Nach langem hin und her, hab ich eine Alternative gefunden, die wie folgt aussieht.

Im Schlafzimmer ist Platz für einen Schreibtisch, der aber nicht auf Dauer dort stehen kann / soll --> Platztechnisch 

Die Lösung: Amazon.de: Campingtisch höhenverstellbar Tisch 100x60x73-94 Falttisch

 

Negativpunkt ist halt, dass der PC nach und vor dem zocken erst aufgebaut bzw. danach abgebaut werden muss - aber ein bisschen Verlust ist immer ^^ (Kann aber im großen Kleiderschrank verstaut werden!)

Somit alles Gut - Danke an euch  

Da der "alte" jetzt bleibt, möchte ich ihn ein wenig aufmotzen, gerade die Graka ist überholungsbedürftig.

Hier mal meine aktuelle Konfiguration:

Gehäuse: IN WIN GRone Big Tower ohne Netzteil grau
Prozessor: Intel Core i5 4670K 4x 3.40GHz So.1150 BOX
RAM: 8GB (2x 4096MB) G.Skill NT Series DDR3-1333 DIMM CL9-9-9-24 Dual Kit
MB: Asus Z87M-Plus (C2) Intel Z87 So.1150 Dual Channel DDR3 mATX Retail
Netzteil: 480 Watt be quiet! Straight Power E9 CM Modular 80+ Gold
SDD: 250GB Samsung 840 Evo Series 2.5" (6.4cm) SATA 6Gb/s TLC Toggle (MZ-7TE250BW)
HDD: 1000GB Seagate Desktop HDD ST1000DM003 7.200U/min 64MB 3.5" (8.9cm) SATA 6Gb/s
GRAKA: Sapphire 11188-05-20G Grafikkarte (ATI Radeon HD 6950, 2GB, PCI-e, GDDR5 Speicher, 2x DVI Mini HDMI, 1 GPU)

Was sagt ihr, seht ihr Handlungsbedarf wenn ja wo ?

Sind zusätzliche 2x4 GB sinnvoll? Preis der Riegel aktuell 44 €

Welche Graka?  In Kombination mit evtl. neuem Monitor?? Aktuell habe ich einen Benq LCD G222HDL der auch schon einige Jahre auf dem Buckel hat...
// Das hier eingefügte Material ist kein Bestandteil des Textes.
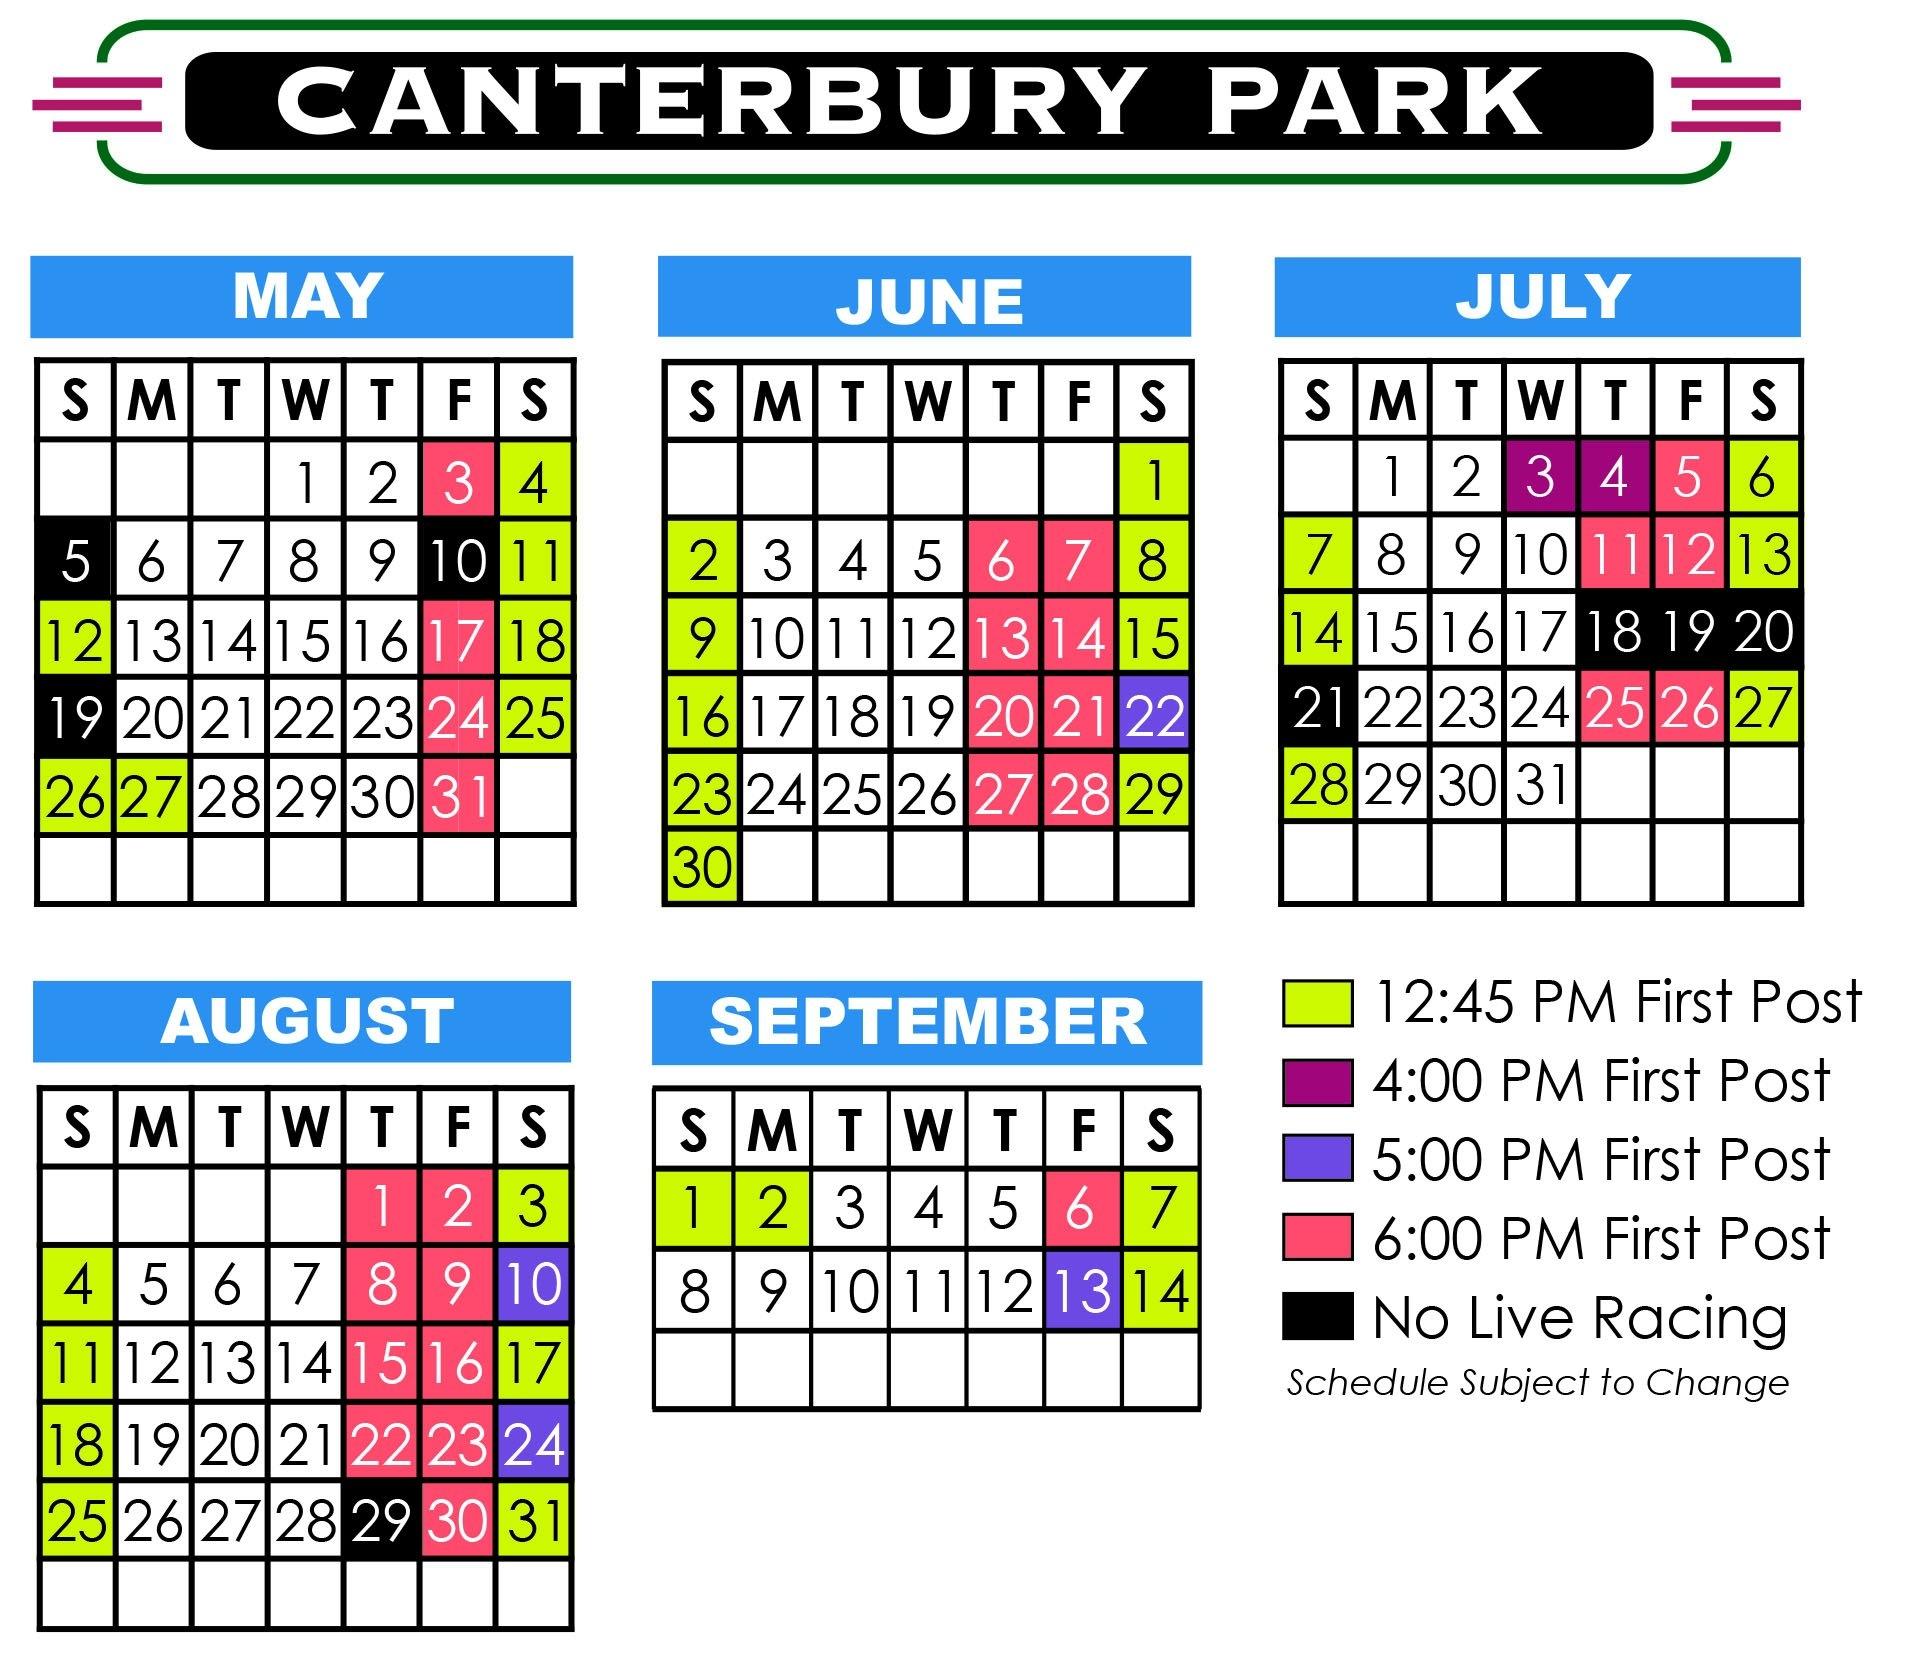 2019 Live Racing Season   Promotions   Canterbury Park 445 Calendar 2019

Über dein ein oder anderen Rat würde ich mich freuen


----------



## Herbboy (2. Februar 2016)

Also "PC aufbauen" ist ja was übertrieben: Maus und Tastatur lässt du einfach immer angeschlossen und legst die auf den PC, Monitorkabel lässt du auch am PC - dann musst du nur den PC und Monitor hinstellen und mit Strom verbinden und das Monitorkabel anstecken sowie Maus und Tastatur auf den Tisch stellen  

 Grafikkarte: eine AMD R9 280X für 200€ wäre schon doppelt so schnell. Die ist ein Auslaufmodell, aber teils für 200€ zu haben. Der Nachfolger ist die R9 380X, die ist kaum schneller, braucht aber weniger Strom - kostet 230-250€. Nvidia hat ab 190€ die GTX 960, die schwächer ist (ca10-15% ) aber sehr stromsparend. Oder du nimmst direkt eine GTX 970 oder R9 390, das sind Top-Karten, die für maximale Details reichen und 0330-360€ kosten Die AMD ist nen Tick schneller und mit 8GB RAM, aber mit 100W mehr Strombedarf bei Last. Die Nvidia hat 4GB RAM, von dem nur 3,5 auch komplett nutzbar ist.  Noch teurere Karten bringen nur wenig Mehrleistung außer man nimmt direkt eine GTX 980 Ti für 700€, die wäre dann 30-40% schneller.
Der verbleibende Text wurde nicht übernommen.